Here is new patch using TAS_SPIN(), created by Manabu Ori from IBM
Japan. Also this patch deal with older Power architectures which do
not have "hint" argument of lwarx opcode.

According to him, the patch resulted in much better performance stock
git head.

Stock git head without patch:
pgbench -c 1 -j 1 -S -T 300    tps = 11360.472691 (including ...
pgbench -c 2 -j 1 -S -T 300    tps = 22173.943133 (including ...
pgbench -c 4 -j 2 -S -T 300    tps = 43397.331641 (including ...
pgbench -c 8 -j 4 -S -T 300    tps = 73469.073714 (including ...
pgbench -c 16 -j 8 -S -T 300   tps = 151094.270443 (including ...
pgbench -c 32 -j 16 -S -T 300  tps = 166752.637452 (including ...
pgbench -c 64 -j 32 -S -T 300  tps = 148139.338204 (including ...
pgbench -c 128 -j 64 -S -T 300 tps = 115412.622895 (including ...
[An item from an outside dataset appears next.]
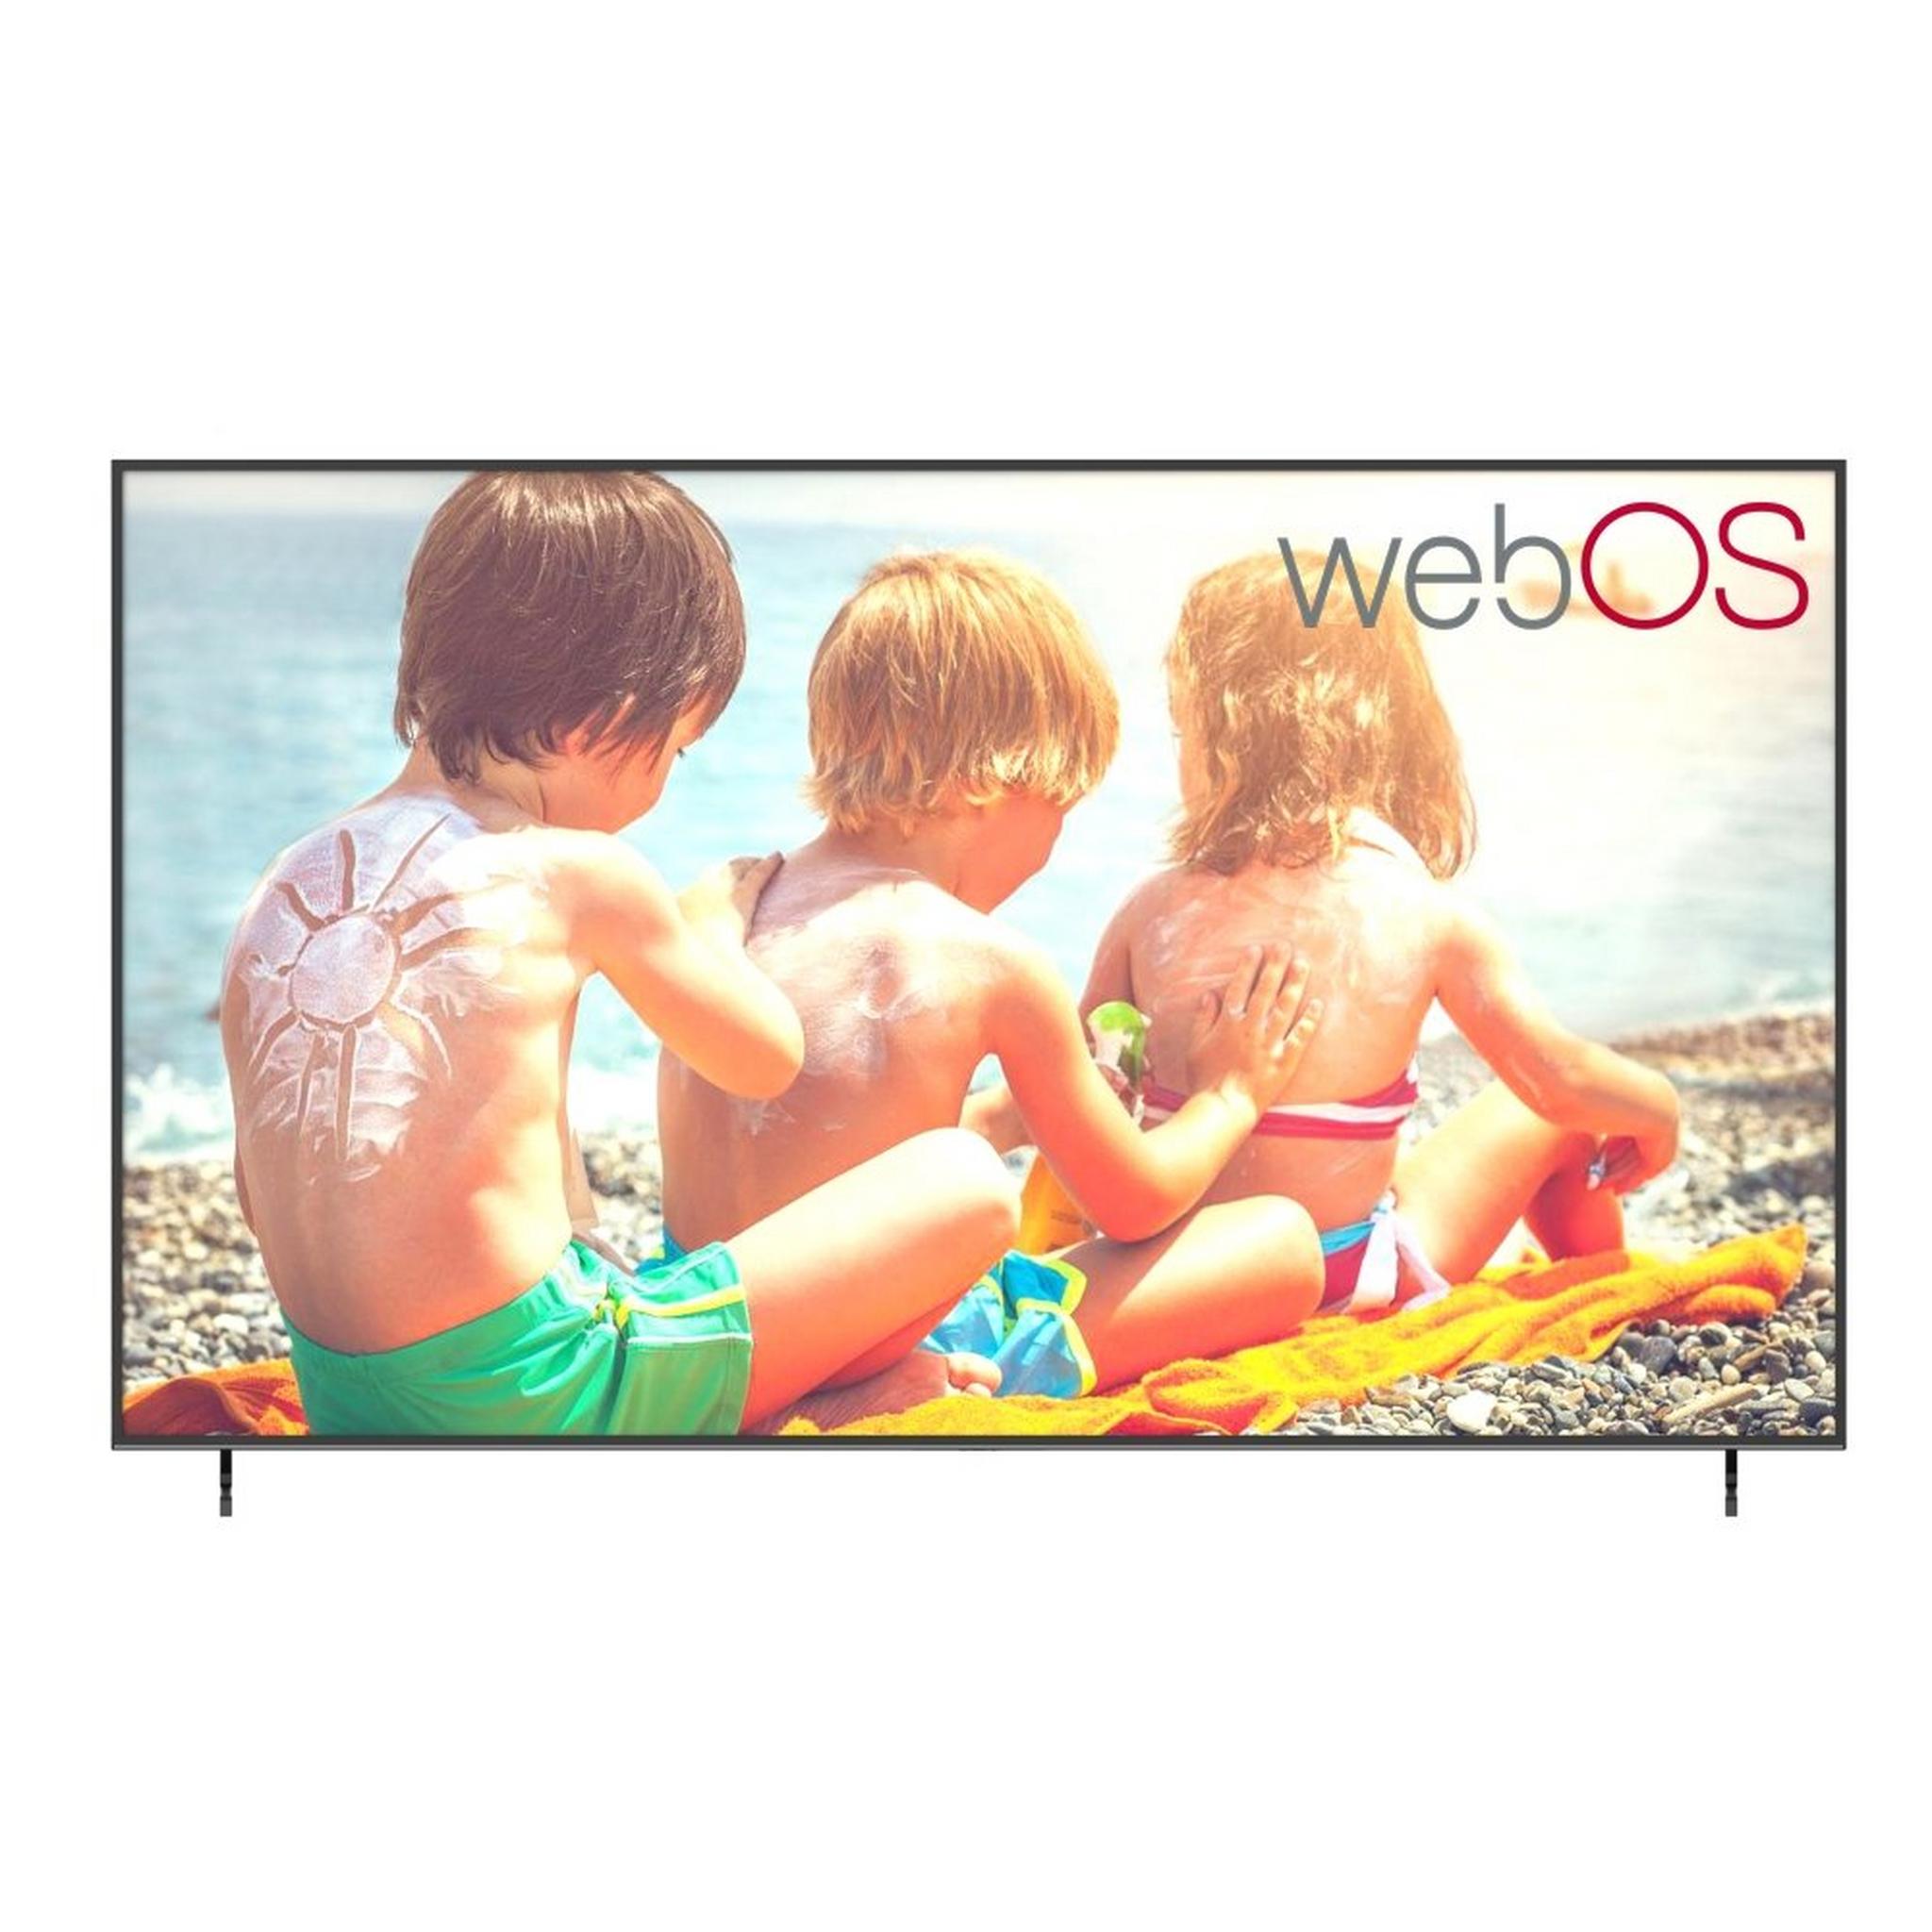 تلفزيون ونسا فائق الوضوح ذكي  ويب او اس بحجم 98 بوصة (WUD98KWO60)

Stock git head with patch:
pgbench -c 1 -j 1 -S -T 300    tps = 11103.370854 (including ...
pgbench -c 2 -j 1 -S -T 300    tps = 22118.907582 (including ...
pgbench -c 4 -j 2 -S -T 300    tps = 42608.641820 (including ...
pgbench -c 8 -j 4 -S -T 300    tps = 77592.862639 (including ...
pgbench -c 16 -j 8 -S -T 300   tps = 150469.841892 (including ...
pgbench -c 32 -j 16 -S -T 300  tps = 267726.082168 (including ...
pgbench -c 64 -j 32 -S -T 300  tps = 322582.271713 (including ...
pgbench -c 128 -j 64 -S -T 300 tps = 273071.683663 (including ...

(Graph is attached)

Test environment:
Power 750 (32 physical cores, virtually 128 cores using SMT4)
mem: 256GB
OS: RHEL6.1 kernel 2.6.32-131.0.15.el6.ppc64
gcc version 4.4.5 20110214 (Red Hat 4.4.5-6)
PostgreSQL Git head (0510b62d91151b9d8c1fe1aa15c9cf3ffe9bf25b)
--
Tatsuo Ishii
SRA OSS, Inc. Japan
English: http://www.sraoss.co.jp/index_en.php
Japanese: http://www.sraoss.co.jp

Re: spinlocks on HP-UX

From

Heikki Linnakangas

Date:

28 December 2011, 16:19:08

On 28.12.2011 14:03, Tatsuo Ishii wrote:
>>> With help from IBM Japan Ltd. we did some tests on a larger IBM
>>> machine than Tom Lane has used for his
>>> test(http://archives.postgresql.org/message-id/8292.1314641721@sss.pgh.pa.us).
>>> In his case it was IBM 8406-71Y, which has 8 physical cores and
>>> 4SMT(32 threadings). Ours is IBM Power 750 Express, which has 32
>>> physical cores and 4SMT(128 threadings), 256GB RAM.
>>>
>>> The test method was same as the one in the article above. The
>>> differences are OS(RHEL 6.1), gcc version (4.4.5) and shared buffer
>>> size(8GB).
>>>
>>> We tested 3 methods to enhance spin lock contention:
>>>
>>> 1) Add "hint" parameter to lwarx op which is usable POWER6 or later
>>>    architecure.
>>>
>>> 2) Add non-locked test in TAS()
>>>
>>> 3) #1 + #2
>>>
>>> We saw small performance enhancement with #1, larger one with #2 and
>>> even better with #1+#2.
>>
>> Hmm, so you added the non-locked test in TAS()?  Did you try adding it
>> just to TAS_SPIN()?  On Itanium, I found that it was slightly better
>> to do it only in TAS_SPIN() - i.e. in the contended case.
>
> Here is new patch using TAS_SPIN(), created by Manabu Ori from IBM
> Japan. Also this patch deal with older Power architectures which do
> not have "hint" argument of lwarx opcode.
>
> According to him, the patch resulted in much better performance stock
> git head.

Impressive results.

config/c-compiler.m4 doesn't seem like the right place for the configure 
test. Would there be any harm in setting the lwarx hint always; what 
would happen on older ppc processors that don't support it?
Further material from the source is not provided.